◆ Instructions to follow
An exact copy of the data is required. No picture may appear in it.

◆ Information supplied

↓

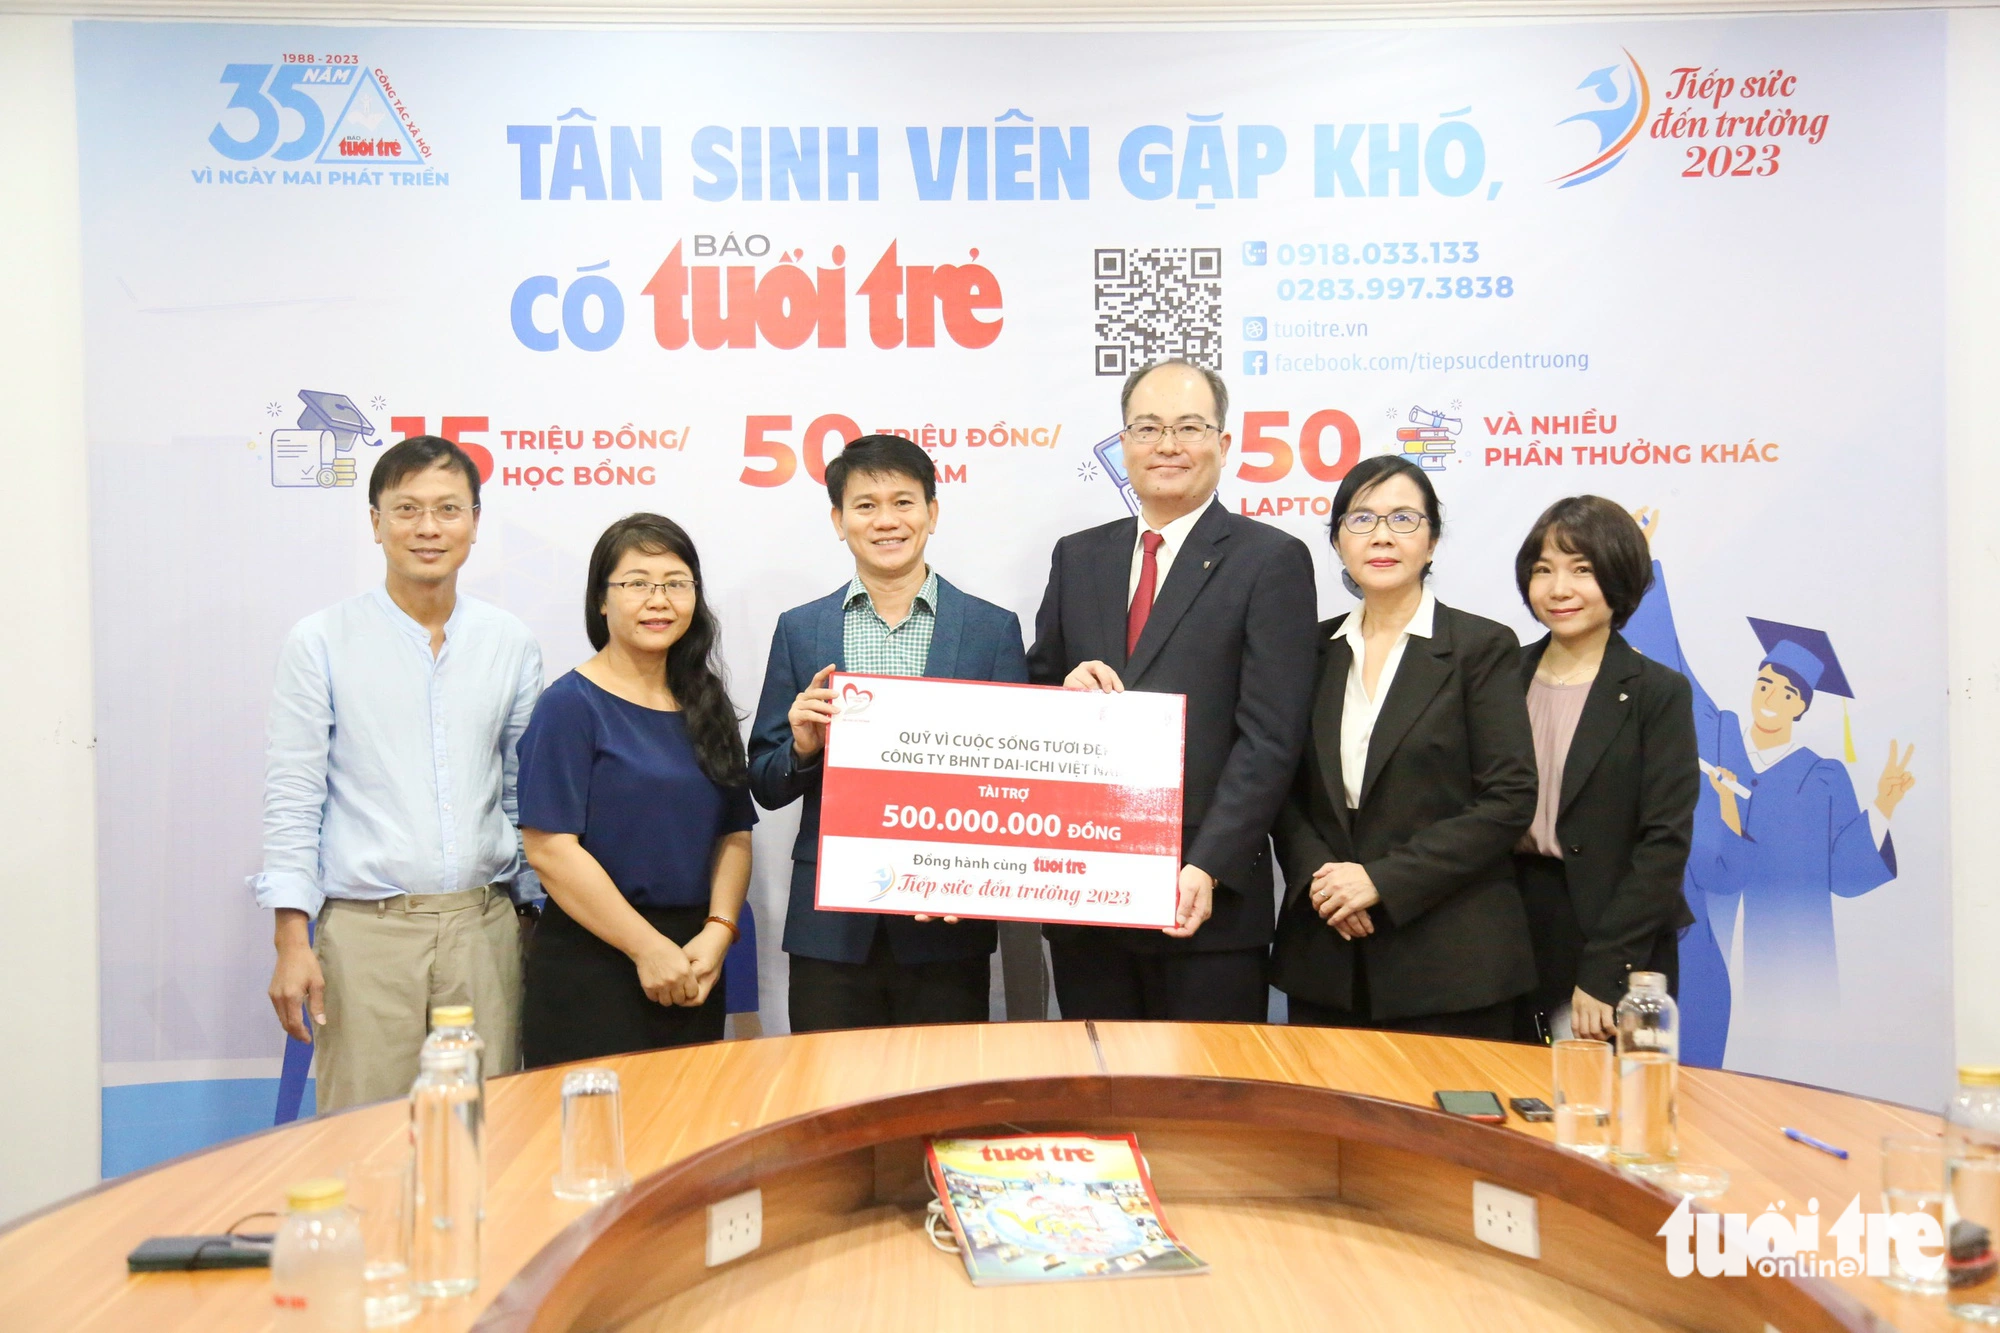 Ông Seigo Fujimaru (thứ 4 từ trái sang), đại diện Công ty Dai-ichi Life Việt Nam, trao 500 triệu đồng cho chương trình Tiếp sức đến trường 2023 - Ảnh: PHƯƠNG QUYÊN
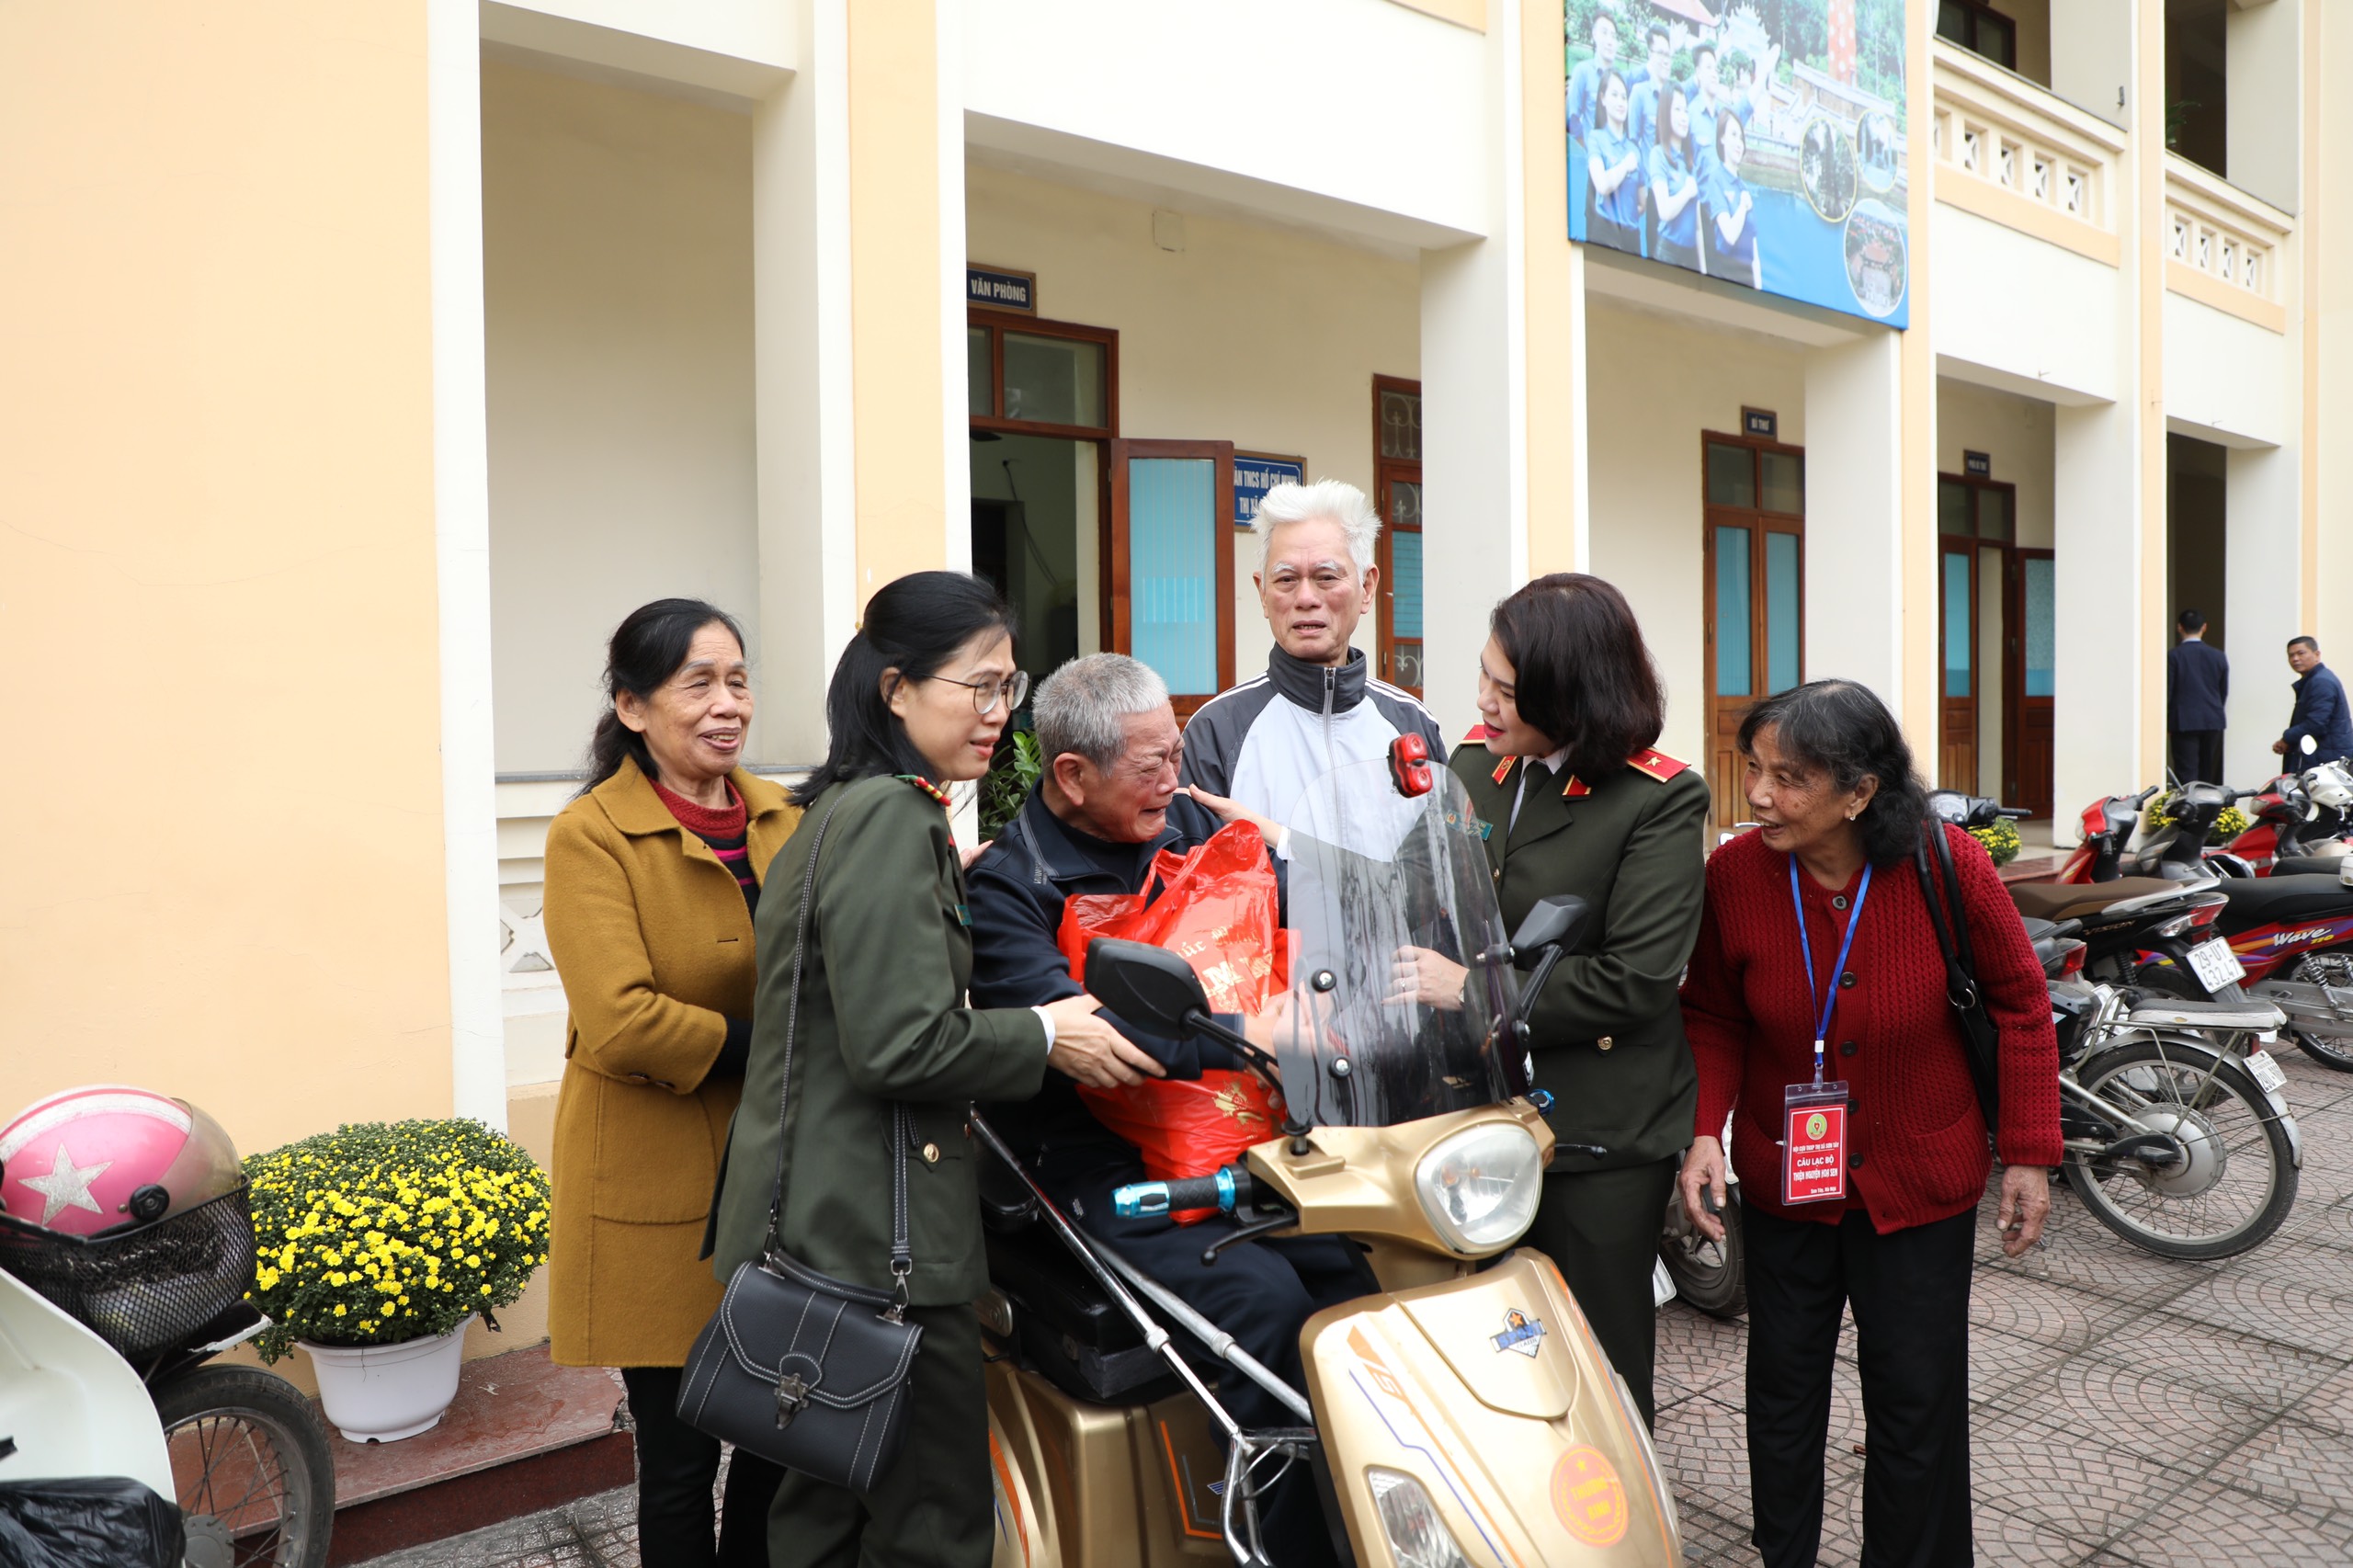 Thiếu tướng Ngô Hoài Thu và đại diện Ban Chấp hành Hội Phụ nữ Cục Đối ngoại trao quà Tết cho các gia đình cựu thanh niên xung phong khó khăn ở thị xã Sơn Tây.
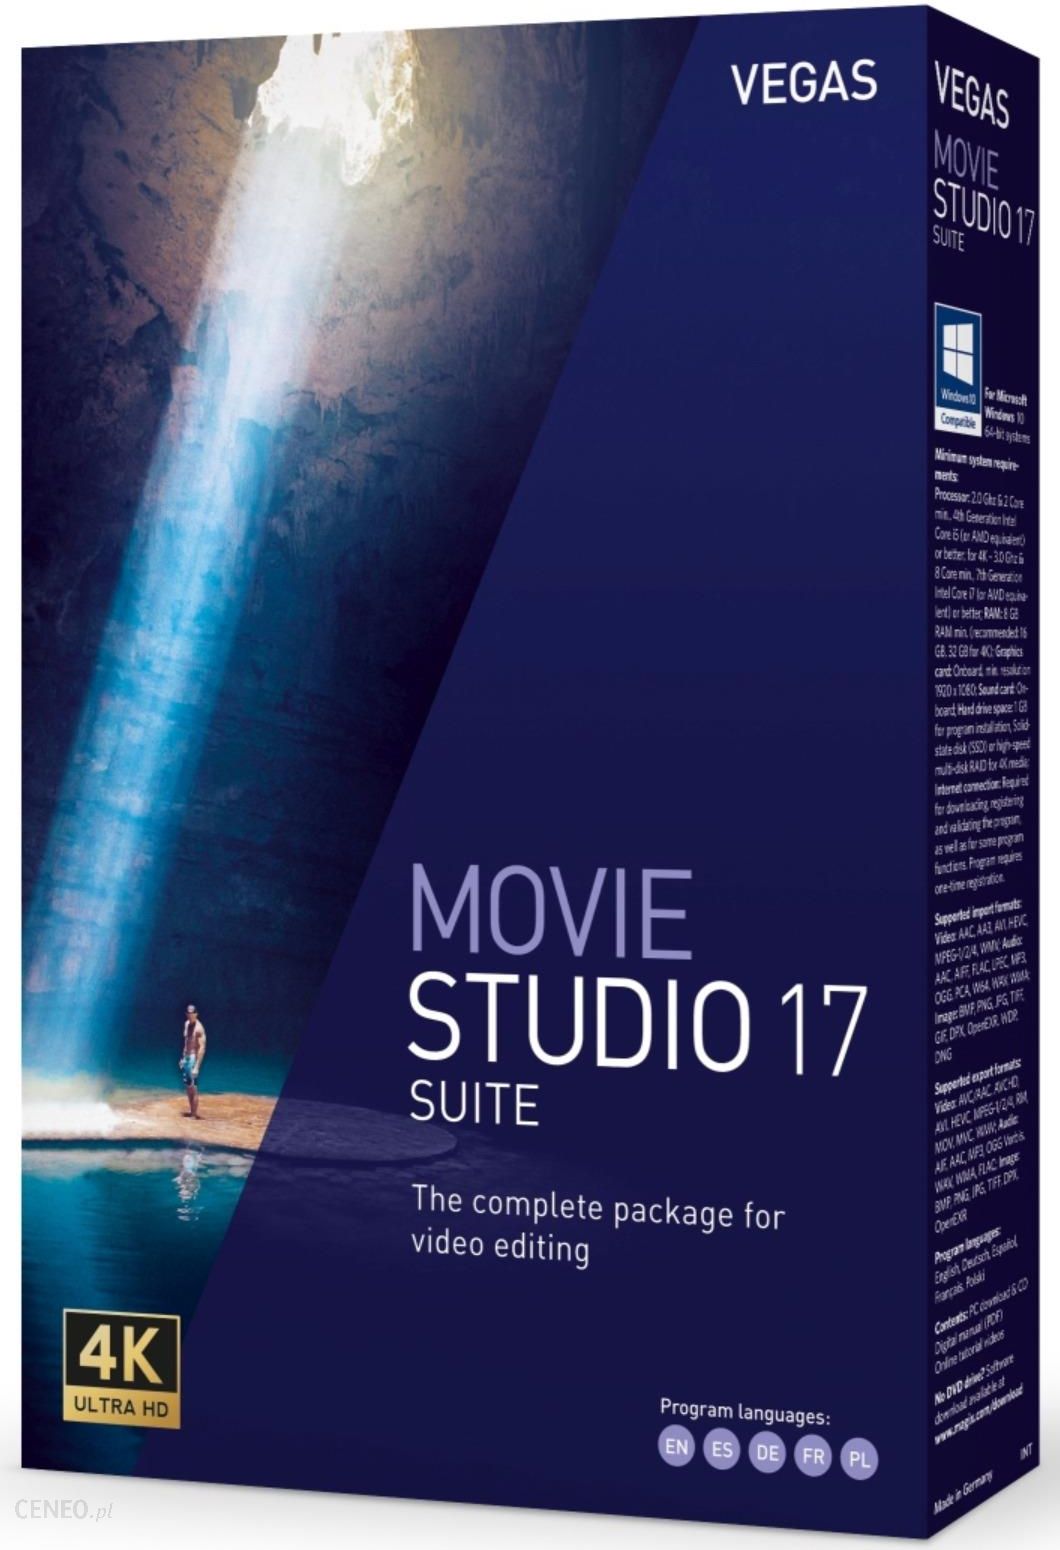 magix vegas movie studio 17

↑

◆ Result below
 Ông Seigo Fujimaru (thứ 4 từ trái sang), đại diện Công ty Dai-ichi Life Việt Nam, trao 500 triệu đồng cho chương trình Tiếp sức đến trường 2023 - Ảnh: PHƯƠNG QUYÊN
 Thiếu tướng Ngô Hoài Thu và đại diện Ban Chấp hành Hội Phụ nữ Cục Đối ngoại trao quà Tết cho các gia đình cựu thanh niên xung phong khó khăn ở thị xã Sơn Tây.
 magix vegas movie studio 17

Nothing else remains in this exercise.